Aside from my present issue, in general dealing with this IBS has got me more depressed and suicidal than I've been in over a year, which is really awful because it was hard enough to get out of an almost 2-year long depressive era full of self-harm and wishing I was dead. In fact, right as I was starting to enjoy my life more than I had been able to in a long time, this hit me. I had been eating better and working out before this, so I dropped like 5 pounds and I was able to joke that I was almost too skinny, but now I'll never be able to make that joke again, as I'm perpetually bloated and looking pregnant...

*TL;DR*; I've only had IBS-C for about 6 months, but it's already ruined my self-image and stolen my short-lasting happiness. I'm more depressed and suicidal than I've ever been before. I used to take out these feelings by self-harming, but I'm not afraid of a relapse cause I know cutting won't make my body work right again. I'm actually more afraid that I've skipped over hurting myself and jumped straight to an intense longing to be dead rather than deal with IBS and constipation for the rest of my life. All I can do anymore is cry. I'm at the end of my rope...


----------



## kking88

Hey, I'm so sorry that you're going through this. I hope it makes you feel better to know I really know how you feel. I'm 22 and I've dealt with depression/self harm/ and IBS-C since childhood, but all of it got really bad in college. These past six months my IBS has gotten so bad that I've had a lot of suicidal thoughts. It makes it even harder when I look around and see all my other friends who seem to have perfectly normal stomachs. My self-image got really bad too since I feel like I always look fat when really I have a slim frame. And I'm gassy every day, which is just embarrassing. This condition makes you feel like you're the only one in the world, but you're not. I'm dealing with it too, and so are a lot of people. I don't know if it'll get better...like I said, I've been suicidal about this too. But I do know we should try absolutely everything to make it better before completely giving up. Also, if it makes you feel better--you've felt like this for 6 months, and I've felt like this since I was 9 (though my worst period was 18-to now). Even though IBS-C has impacted my life a ton, I've still managed to have great moments and fun times. It hasn't completely defined those years of my life.

Have you tried making any changes in your diet? I'm experimenting with that now. I'd recommend first cutting out wheat, and then maybe eggs or dairy. Also start drinking a lot of water, as often as possible. I think dietary changes might be the best option, and that's what I'm trying too.

Good luck, and remember...you're not alone! I promise.


----------



## bambina912

Hey girl. Where do you go to school?

I'm 24 and have been dealing with IBS D AND C, trying to remedy it with different diets/medicine but new symptoms keep happening and its so frustrating that once I think I know the answer, another question pops up.

Have you had any other tests done since the last one? Colonoscopy, stool samples, endoscopy, etc?

Also what is your current diet? I know it's hard to eat right in college but maybe that's a factor.
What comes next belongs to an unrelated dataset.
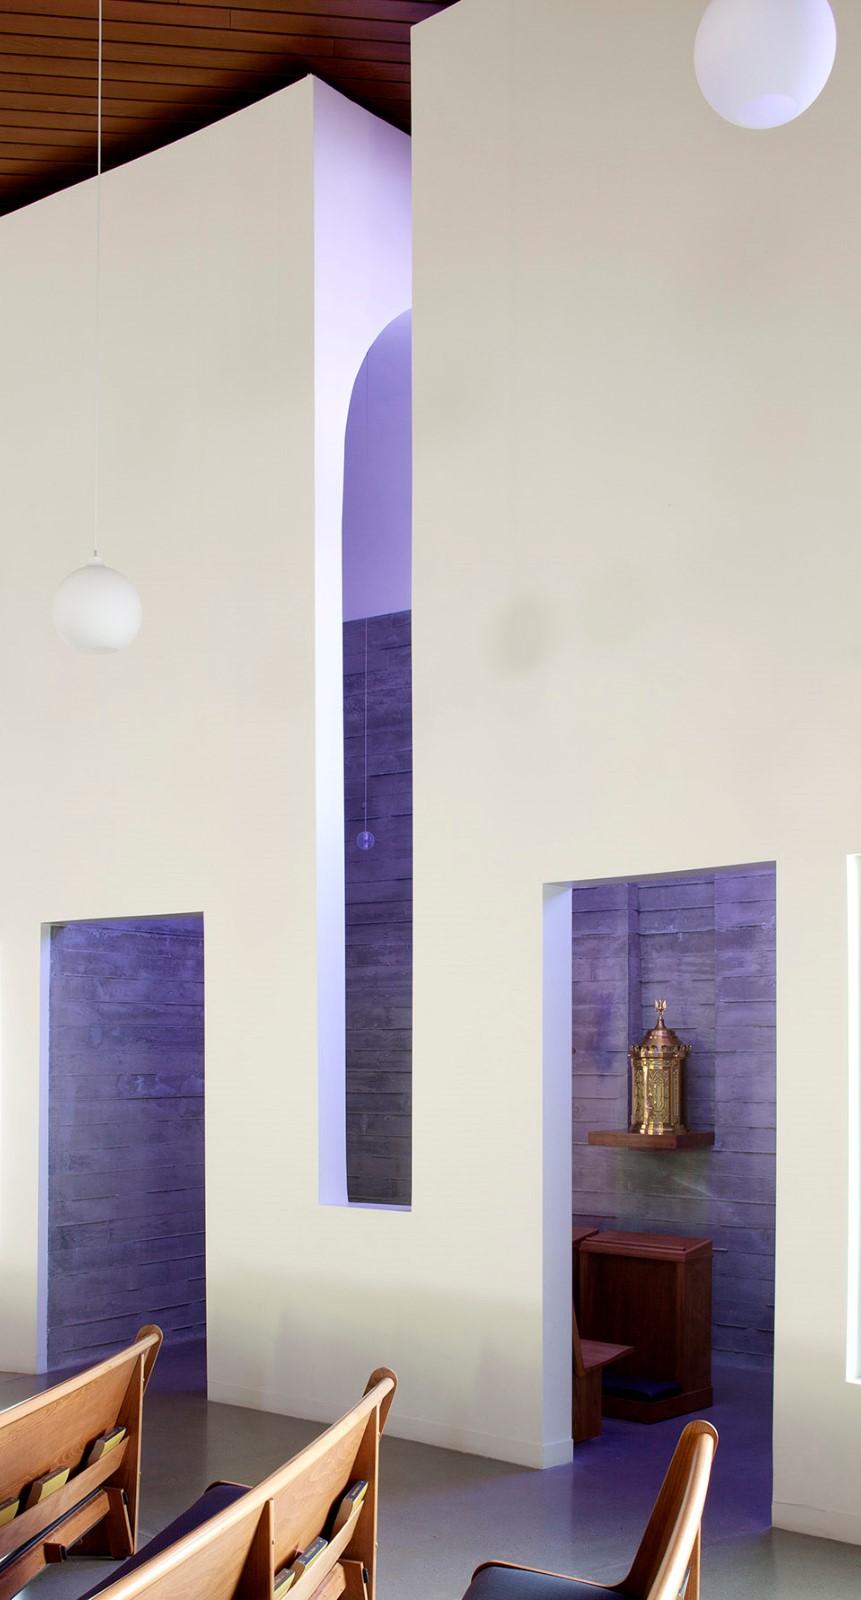 Saint Joseph工人教堂,美国犹他州 / Sparano + Mooney Architecture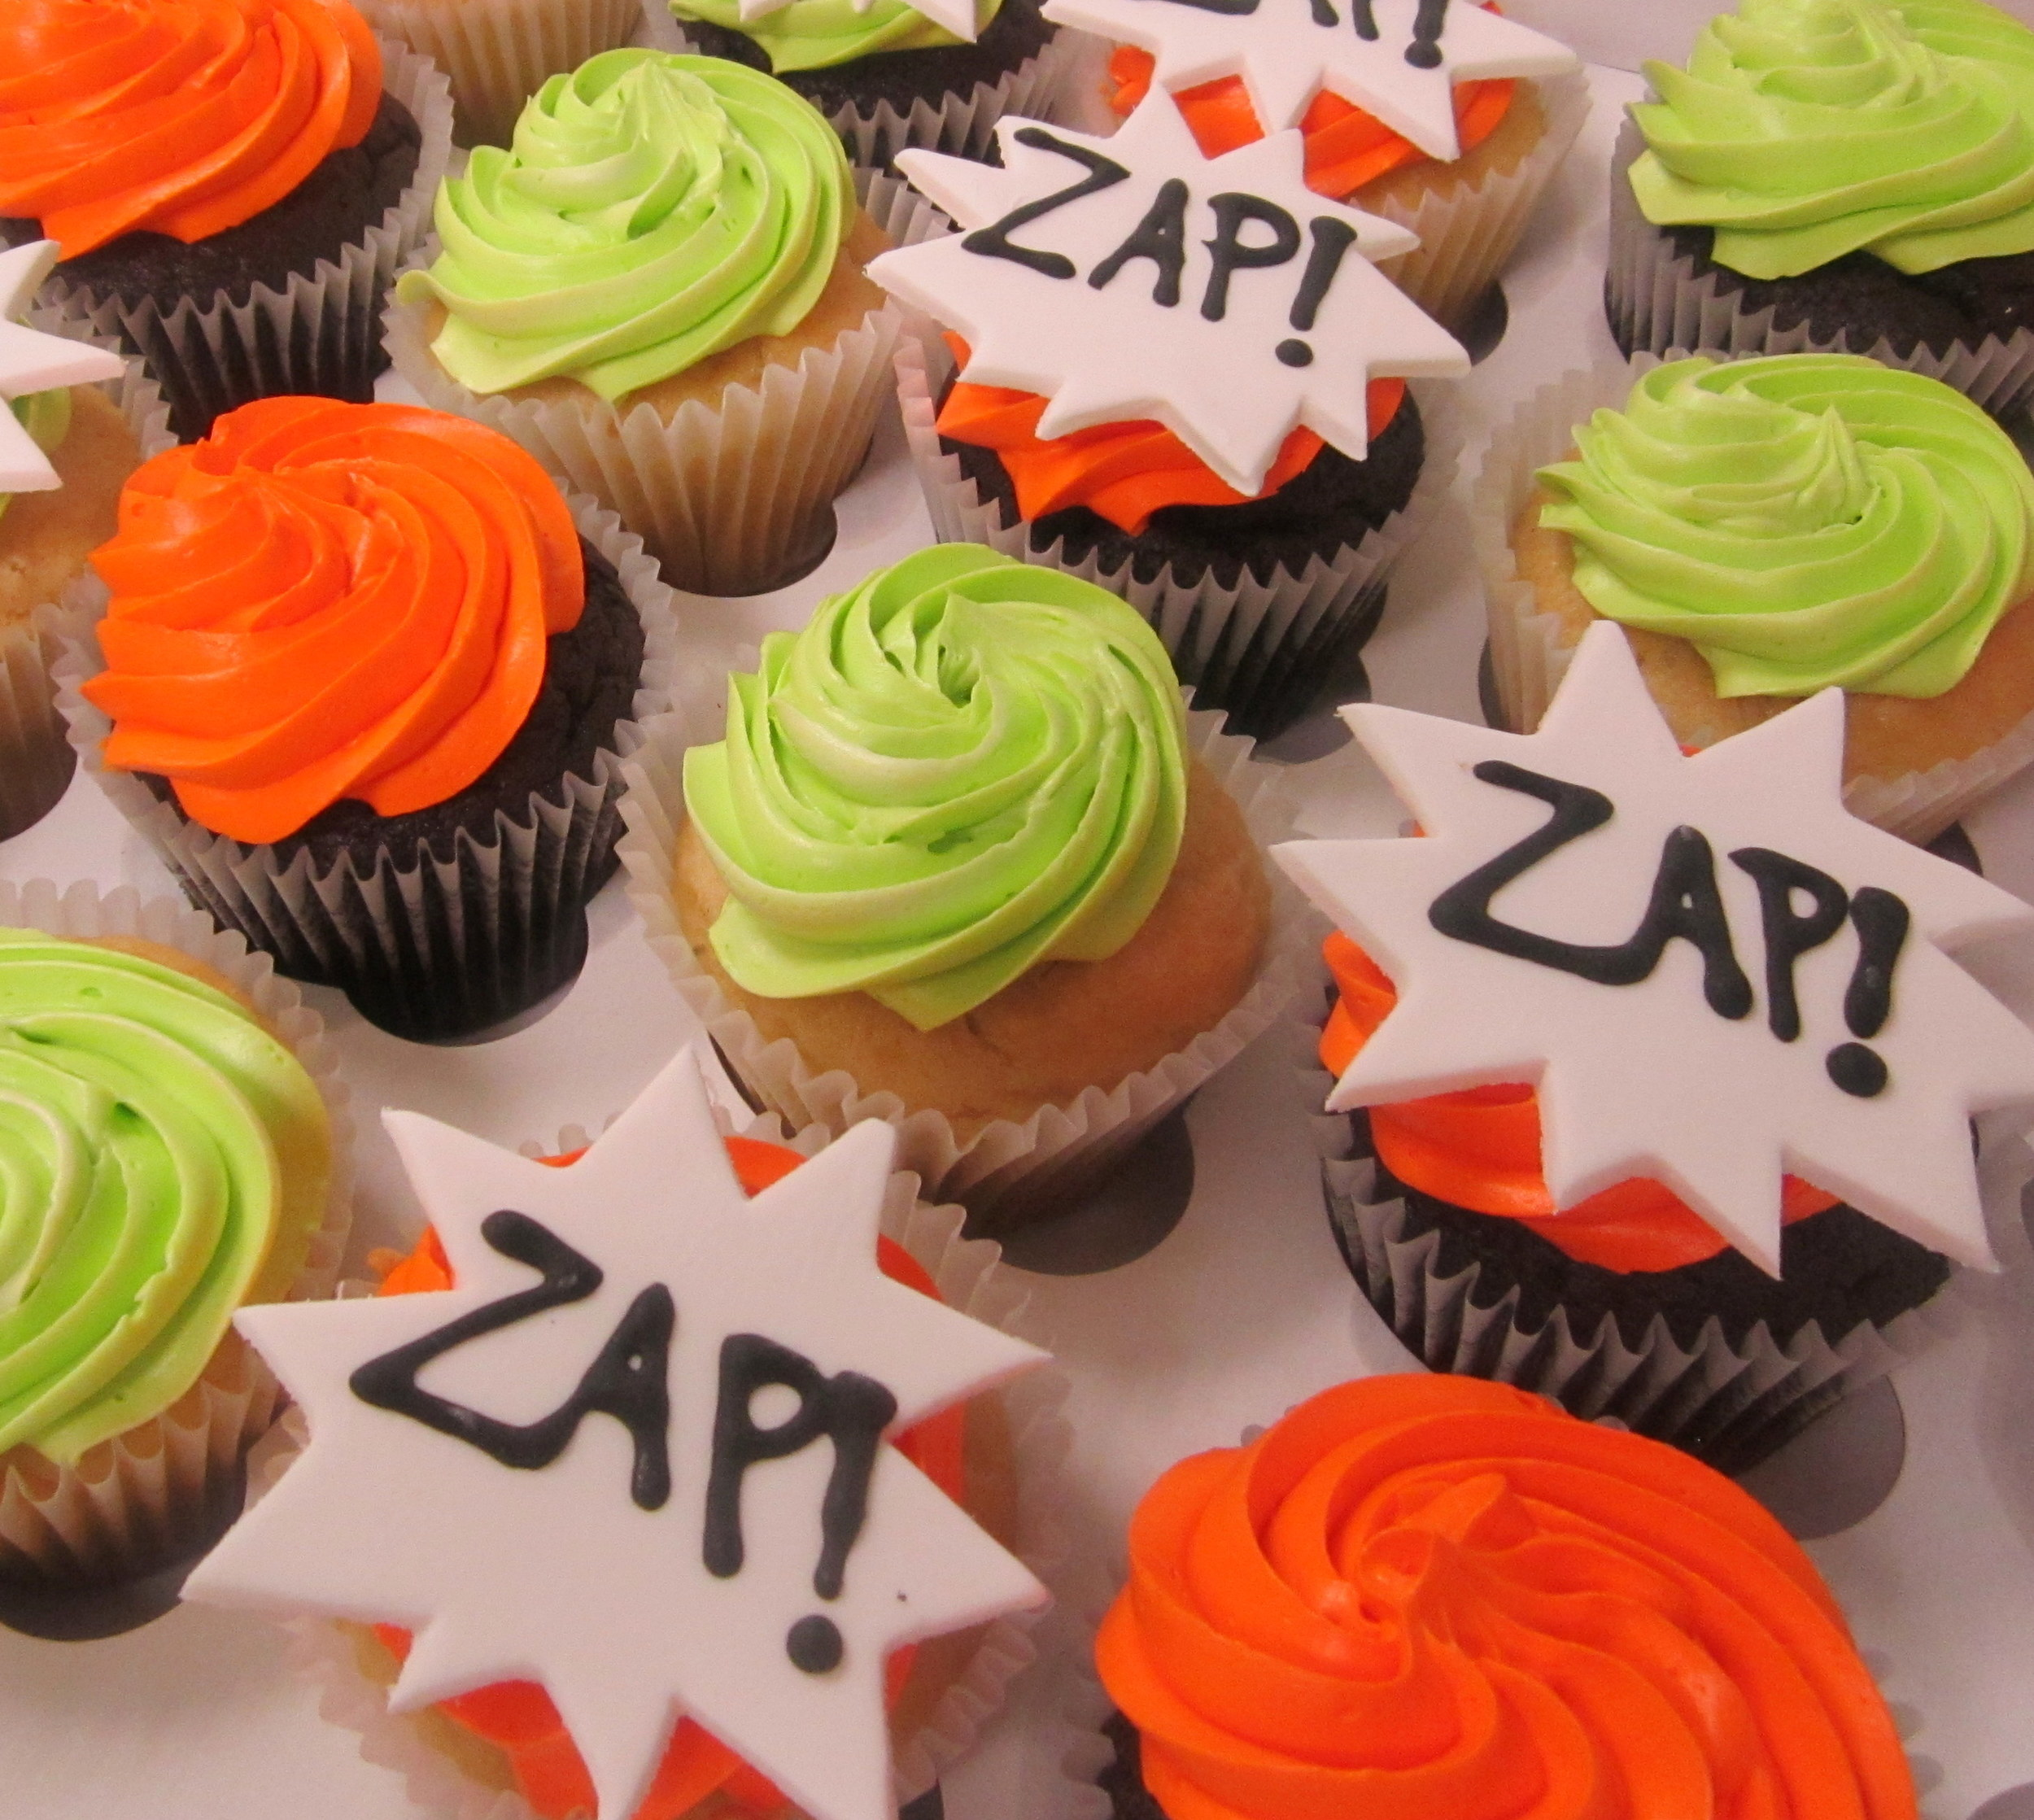 cupcakes- zap and orange green.jpg

Be sure to update! Many of us are in the same boat and don't want you to give up.


----------



## Fluticasone

Thanks for replying guys. I know I'm probably being overdramatic about this all, but I'm just finding it impossible to accept that this is now my life, and I can never go back to being normal. It just feels so unfair, but I guess that's life haha.

Anyway, I'm thinking my only option left is to cut pretty much everything from my diet and eat like, low FODMAP or something for the rest of my life. If that even helps at all, that is. I'm tired of taking a bunch of laxatives and medication every day only to get barely any relief half the time. The only problem is I have no idea where to start with my diet, and I don't really want to ask my mom to take me to a dietitian/nutritionist, as I already feel bad enough for all of the doctors appointments and tests.

And I denied getting a colonoscopy since my CT scan showed that my intestines and stuff are normal (of course), and my symptoms don't really match anything more serious like Chron's or IBD. I've basically known it was IBS since the start, but seeing everything else ruled out just makes it that much more real I guess. All I have left that I'm waiting on are some blood tests for my thyroid again and for celiac's. My first blood test showed that my thyroid numbers were slightly low, but the second blood test showed that they were normal, so my GI doctor wanted to see it again since he said it shouldn't change like that. The numbers will probably be normal again, I'm assuming.

And bambina912, I go to ASU!


----------



## bambina912

ASU! Arizona yes? Nice weather? Better than New Jersey?

I hear the low FODMAP diet can be tricky because there's a lot of debate as to what actually falls under the FODMAP guidelines. I almost tried it but it made my head spin, but I am considering trying it again. However, now I can pretty much predict what bothers me and what doesn't. Ever keep a food diary? I kind of kept one for a while but got lazy.

Also, are there any dietitians in your student health center? I don't know if they had one when I was in college but maybe you can look into that.

A word of warning: my friend is a registered dietician and she says that pretty much anyone can call themselves a "nutritionist". Dietitians have actual medical training and are better suited for these kinds of things... nutritionists might have their own weird opinion and tell you to switch to a raw vegan hemp diet or something stupid. So go to an RD if you're taking that route.

I'm very jealous that you've had so many tests done! I haven't had all those (yet) but I would at the very least take it as a good sign that they are mostly normal. There are some things that a colonoscopy can show that a CT can't, but I haven't had one yet either. I'm regretting that, cause I had the opportunity to get one about a year ago and turned it down cause i didnt think it was necessary. I'd like to have at least THAT piece of mind. I did have an endoscopy though (normal, sigh.). I could have SWORN it was celiac, too. What an easy diagnosis to have made.. I tried gluten free anyway and it did nothing.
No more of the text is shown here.